A comparison of MAGeCK with two other RNA interference screen algorithms, RIGER and RSA. (a) The numbers of significantly selected genes identified by MAGeCK, RIGER and RSA in different comparisons. For comparisons between control samples or between replicates of the same condition (highlighted in yellow), ideally no significantly selected genes should be detected. Comparisons between treatments and controls are highlighted in green. See Table S1 in Additional file 2 for a complete comparison. (b) The overlap of top-ranked genes between CRISPR/Cas9 knockout screening and RNAi screening on the melanoma dataset. The positive screening experiment was performed in the same way as for the melanoma dataset [17], except that pooled shRNA screening was used instead of CRISPR/Cas9 knockout screening.

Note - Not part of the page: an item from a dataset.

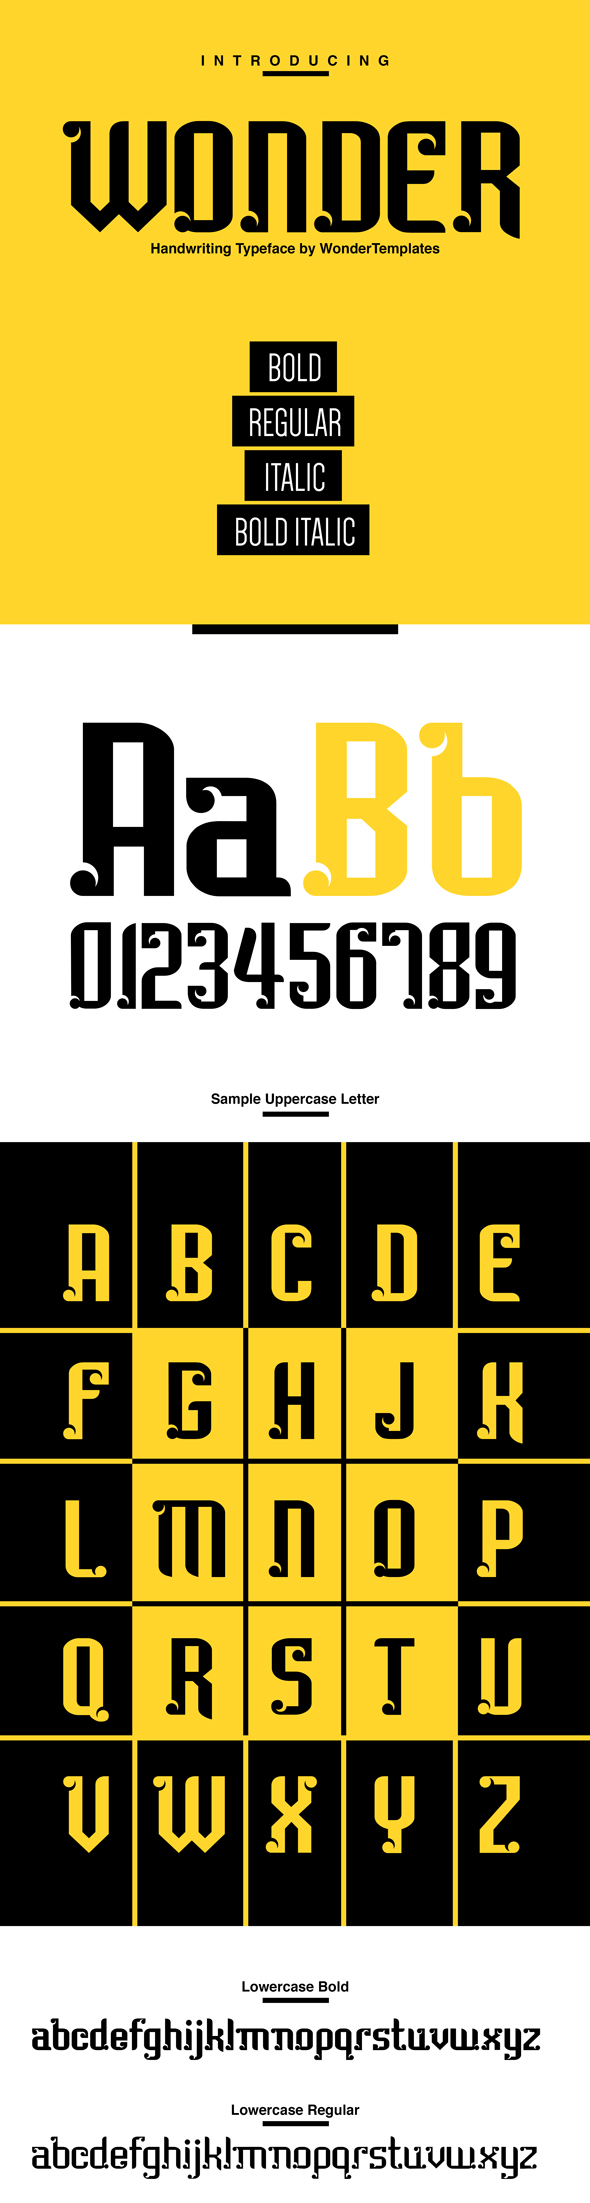 WonderTemplates-Handwritten Typeface - Handwriting Fonts

Finally, we compared the screening results from the melanoma dataset with those from an independent study which used pooled shRNAs to screen PLX-treated A375 cells [17]. We applied MAGeCK, RIGER and RSA to both the CRISPR/Cas9 knockout screens and shRNA screens and checked the consistency of the top-ranked genes (Figure 2b). Although the overall consistency of genes called from the different screens was low (fewer than 5% overlap), MAGeCK always identified more consistent genes than RIGER and RSA at different cutoffs. This shows that MAGeCK can be used for both RNAi screens and CRISPR/Cas9 knockout screens, and that MAGeCK identifies more consensus hits between different screening technologies than other methods (Table S2 in Additional file 2).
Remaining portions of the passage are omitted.